Given that the proceeds derived by HoldCo from the re-sale of its own shares were considered flows of funds that are “out of scope” of Swiss VAT (capital contributions), the FSC found no reason to reduce HoldCo’s claims for input VAT credits.
The decisions of the Swiss courts are to be welcomed, as they are consistent with revised Swiss accounting rules and with the jurisprudence of the ECJ on European VAT matters, which are primarily taking economic realities into account. The clarification concerns in particular Swiss private as well as publicly held holding and investment companies that engage in purchasing and selling activities in their own shares for a variety of objectives, such as management by a listed company of its own stock price, operation of an employee stock participation program, and other treasury activities. Swiss law generally allows for the acquisition and holding of treasury shares of up to 10% of the entire issued share capital.
It is not yet entirely certain at this point whether the “economic” and accounting-based approach adopted by the Swiss courts in VAT matters will be ultimately confirmed for direct (corporate income) tax purposes as well. Realized book gains and losses on treasury shares should consequently be excluded from taxable net profits, as the entire proceeds from a sale of treasury shares ought to be qualified as a capital contribution. Swiss direct tax laws explicitly exclude capital contributions from taxable income.

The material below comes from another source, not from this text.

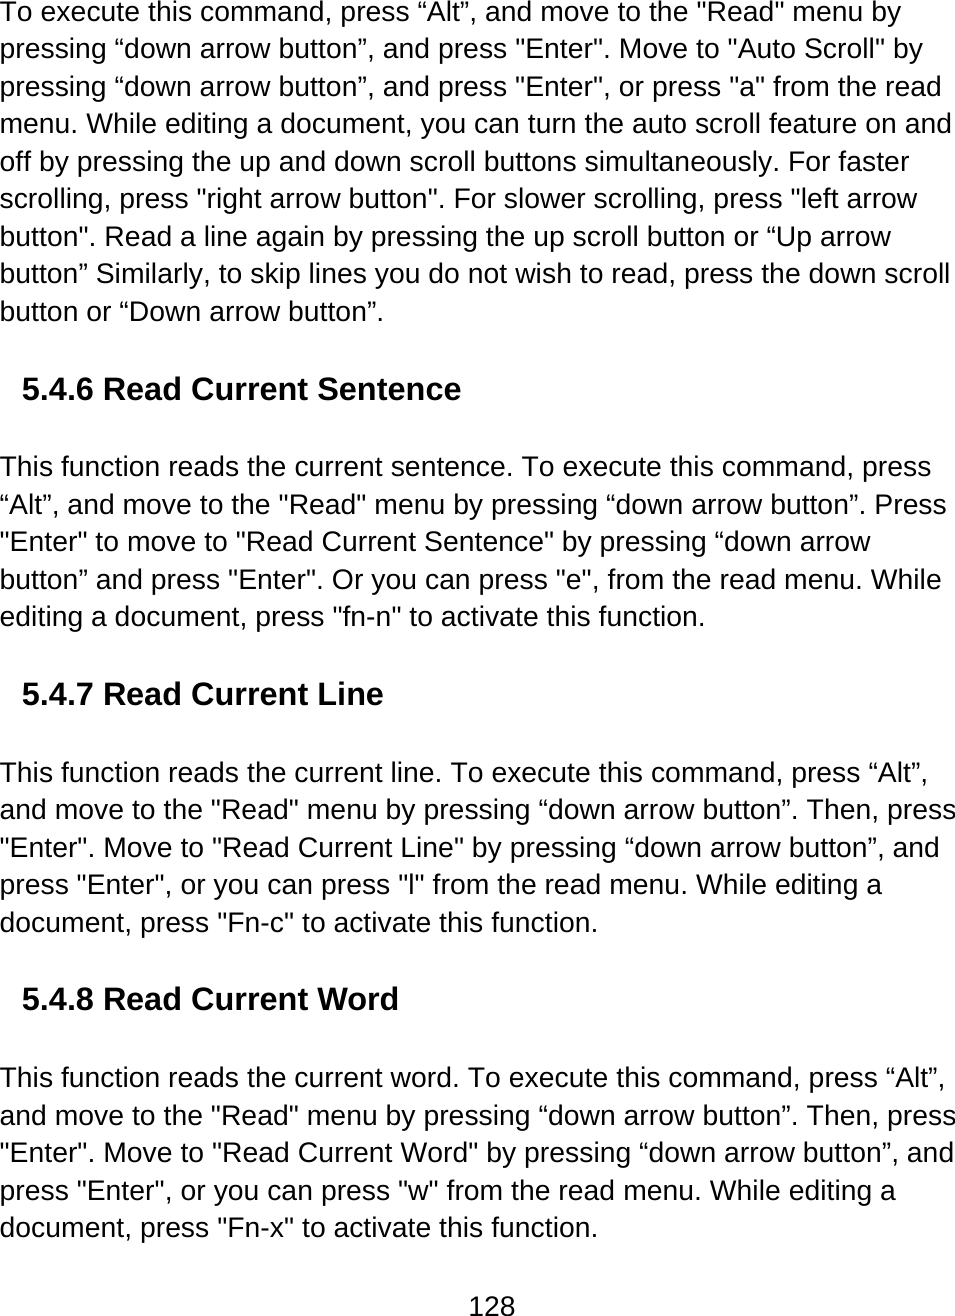 128  To execute this command, press “Alt”, and move to the &quot;Read&quot; menu by pressing “down arrow button”, and press &quot;Enter&quot;. Move to &quot;Auto Scroll&quot; by pressing “down arrow button”, and press &quot;Enter&quot;, or press &quot;a&quot; from the read menu. While editing a document, you can turn the auto scroll feature on and off by pressing the up and down scroll buttons simultaneously. For faster scrolling, press &quot;right arrow button&quot;. For slower scrolling, press &quot;left arrow button&quot;. Read a line again by pressing the up scroll button or “Up arrow button” Similarly, to skip lines you do not wish to read, press the down scroll button or “Down arrow button”.   5.4.6 Read Current Sentence  This function reads the current sentence. To execute this command, press “Alt”, and move to the &quot;Read&quot; menu by pressing “down arrow button”. Press &quot;Enter&quot; to move to &quot;Read Current Sentence&quot; by pressing “down arrow button” and press &quot;Enter&quot;. Or you can press &quot;e&quot;, from the read menu. While editing a document, press &quot;fn-n&quot; to activate this function.    5.4.7 Read Current Line  This function reads the current line. To execute this command, press “Alt”, and move to the &quot;Read&quot; menu by pressing “down arrow button”. Then, press &quot;Enter&quot;. Move to &quot;Read Current Line&quot; by pressing “down arrow button”, and press &quot;Enter&quot;, or you can press &quot;l&quot; from the read menu. While editing a document, press &quot;Fn-c&quot; to activate this function.    5.4.8 Read Current Word  This function reads the current word. To execute this command, press “Alt”, and move to the &quot;Read&quot; menu by pressing “down arrow button”. Then, press &quot;Enter&quot;. Move to &quot;Read Current Word&quot; by pressing “down arrow button”, and press &quot;Enter&quot;, or you can press &quot;w&quot; from the read menu. While editing a document, press &quot;Fn-x&quot; to activate this function.

 It should be noted, however, that the Polfarmex case involved a redemption of some of Polfarmex’s shares in exchange for the delivery of certain real estate assets. The ECJ ruled that, while the redemption of the shares did not constitute an entrepreneurial activity, the transfer of the real estate assets in return could constitute a taxable supply, if the assets were used for the entrepreneurial activities of the transferring entity.